AdVerb: Visually Guided Audio Dereverberation

  • paper_url: http://arxiv.org/abs/2308.12370
  • repo_url: None
  • paper_authors: Sanjoy Chowdhury, Sreyan Ghosh, Subhrajyoti Dasgupta, Anton Ratnarajah, Utkarsh Tyagi, Dinesh Manocha
  • for: 这篇论文主要是为了提出一种基于视觉信号的声音去抖杂方法,以提高声音质量。
  • methods: 该方法使用了一种新的 geometry-aware cross-modal transformer 架构,利用视觉信号和声音信号之间的相互关系,生成一个复杂的理想比率幕,并将其应用于抖杂声音中,以估计清晰声音。
  • results: 该方法在三个下游任务中表现出色:语音提升、语音识别和speaker verification,与传统的声音 только和视觉只基eline上相比,有18%-82%的Relative improvement。此外,该方法在 AVSpeech 数据集上也实现了非常满意的 RT60 错误分数。

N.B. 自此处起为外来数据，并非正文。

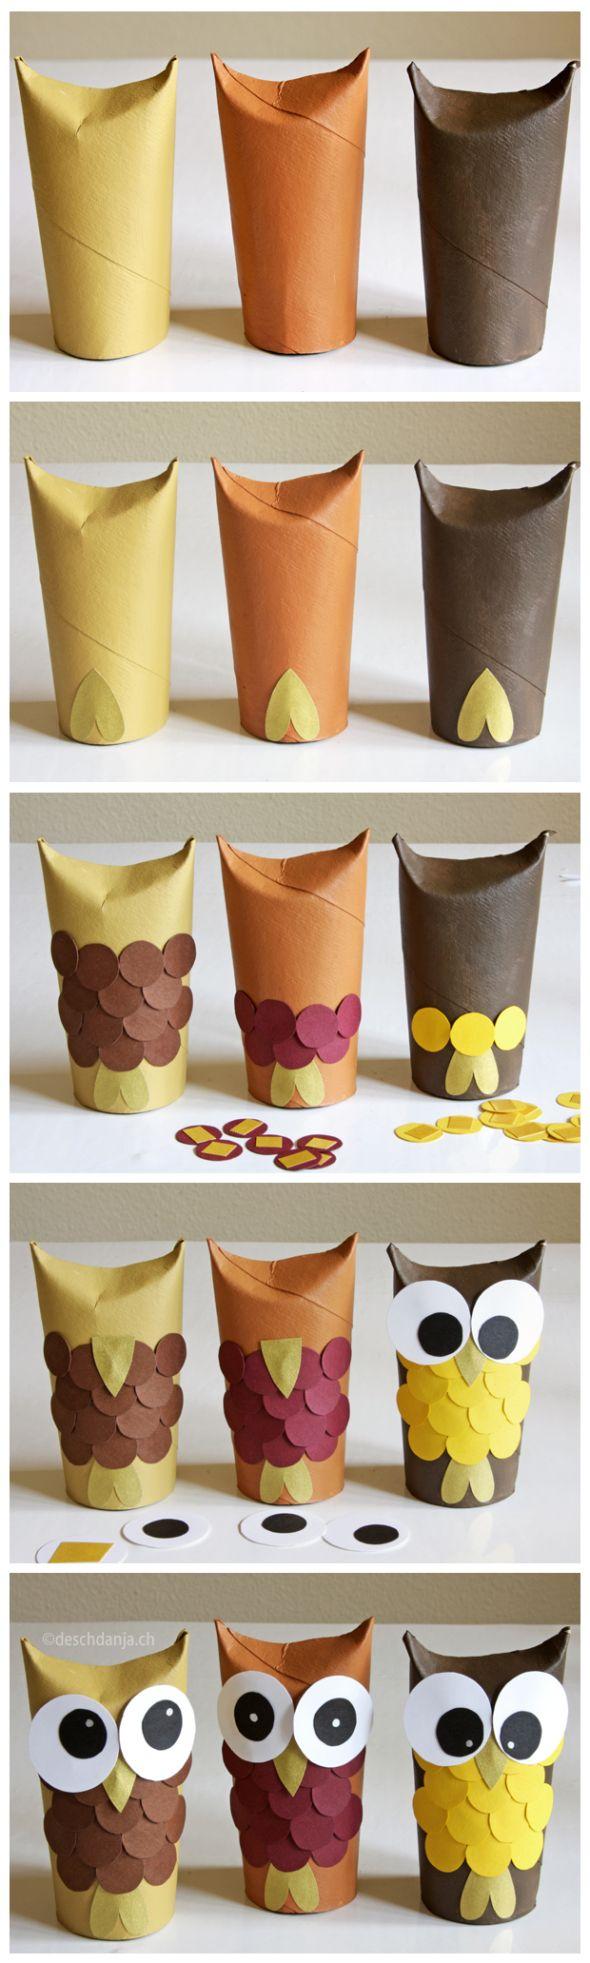 C mo hacer b hos con tubos de cart n de papel higi nico - Manualidades con papel craft ...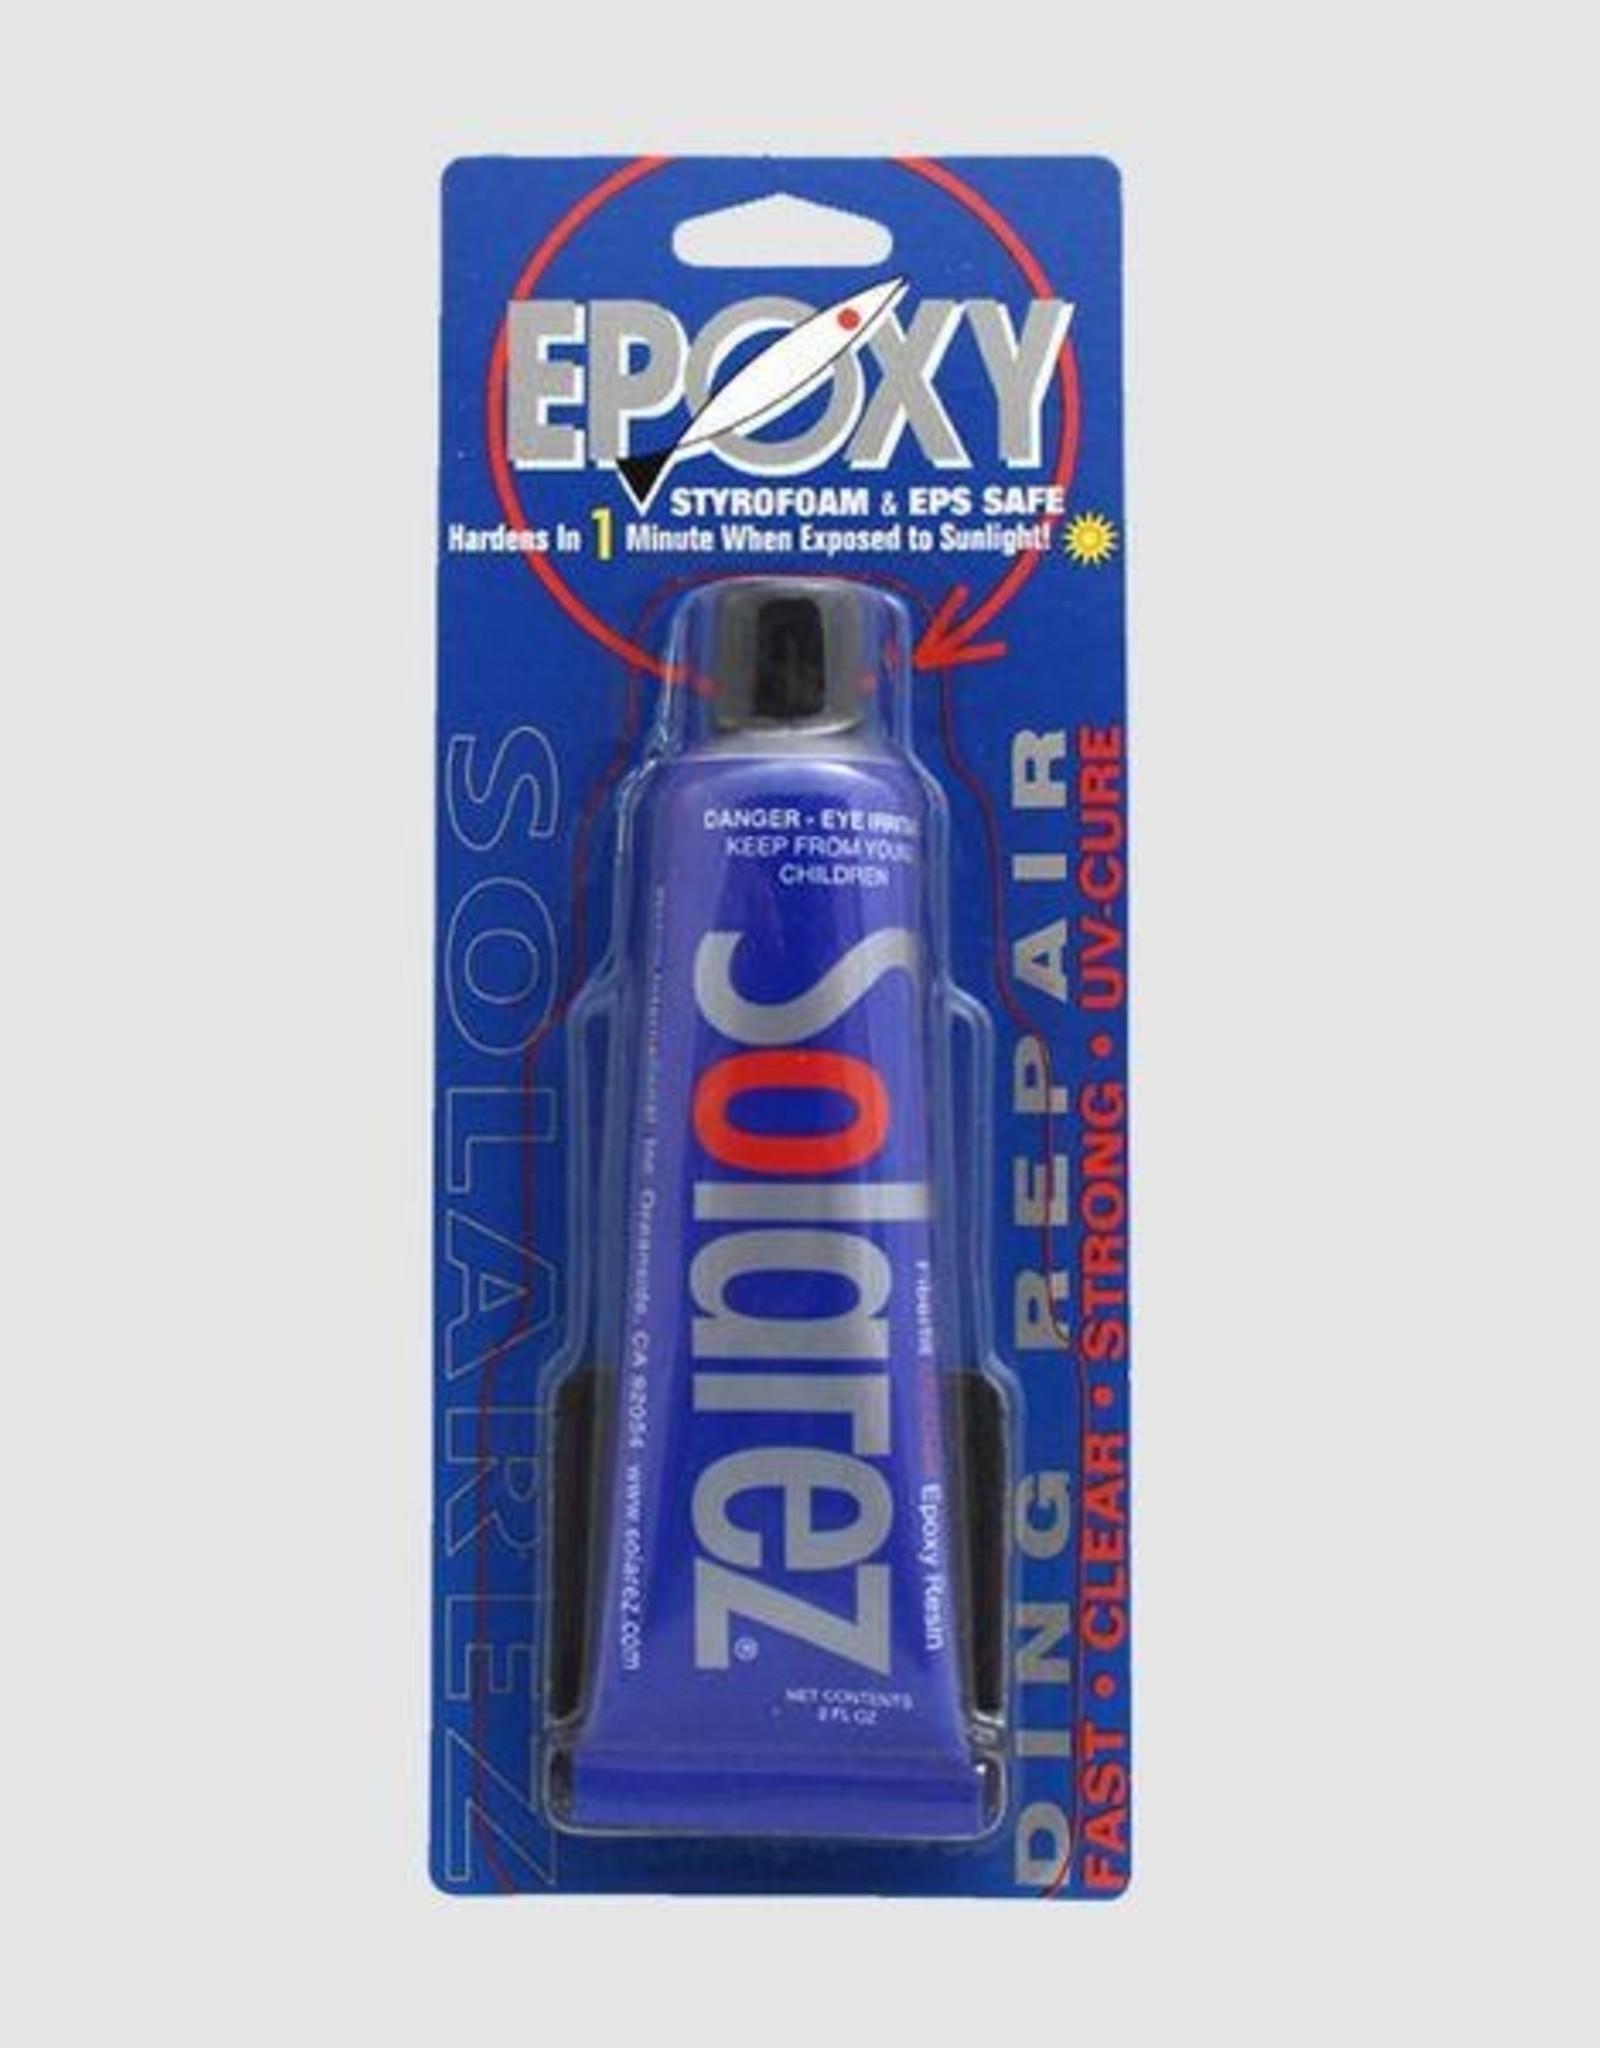 FCS Solarez Epoxy Ding Repair 2.0 oz tube (EPS safe)

    Abstract We present AdVerb, a novel audio-visual dereverberation framework that uses visual cues in addition to the reverberant sound to estimate clean audio. Although audio-only dereverberation is a well-studied problem, our approach incorporates the complementary visual modality to perform audio dereverberation. Given an image of the environment where the reverberated sound signal has been recorded, AdVerb employs a novel geometry-aware cross-modal transformer architecture that captures scene geometry and audio-visual cross-modal relationship to generate a complex ideal ratio mask, which, when applied to the reverberant audio predicts the clean sound. The effectiveness of our method is demonstrated through extensive quantitative and qualitative evaluations. Our approach significantly outperforms traditional audio-only and audio-visual baselines on three downstream tasks: speech enhancement, speech recognition, and speaker verification, with relative improvements in the range of 18% - 82% on the LibriSpeech test-clean set. We also achieve highly satisfactory RT60 error scores on the AVSpeech dataset.
    摘要 我们提出了AdVerb,一种新的音频视频去噪框架,该框架利用视频听录中的视觉信息,以估算清晰的音频。虽然音频只的去噪是已经广泛研究的问题,但我们的方法利用了补充的视觉Modalidade,以实现音频去噪。给出了环境中录制的听录音信号的图像,AdVerb使用了一种新的场景意识geometry-aware cross-modal transformer架构,捕捉场景几何和音频视频的跨Modalidade关系,生成了复杂的理想比率层,当应用于听录音频时,可以预测清晰的声音。我们的方法的效果得到了广泛的量化和质量评估。我们的方法在三个下游任务上显著超过了传统的音频只和音频视频基eline,在LibriSpeech测试集上的改进率在18%-82%之间。我们还实现了AVSpeech数据集上的高度满意的RT60错误分数。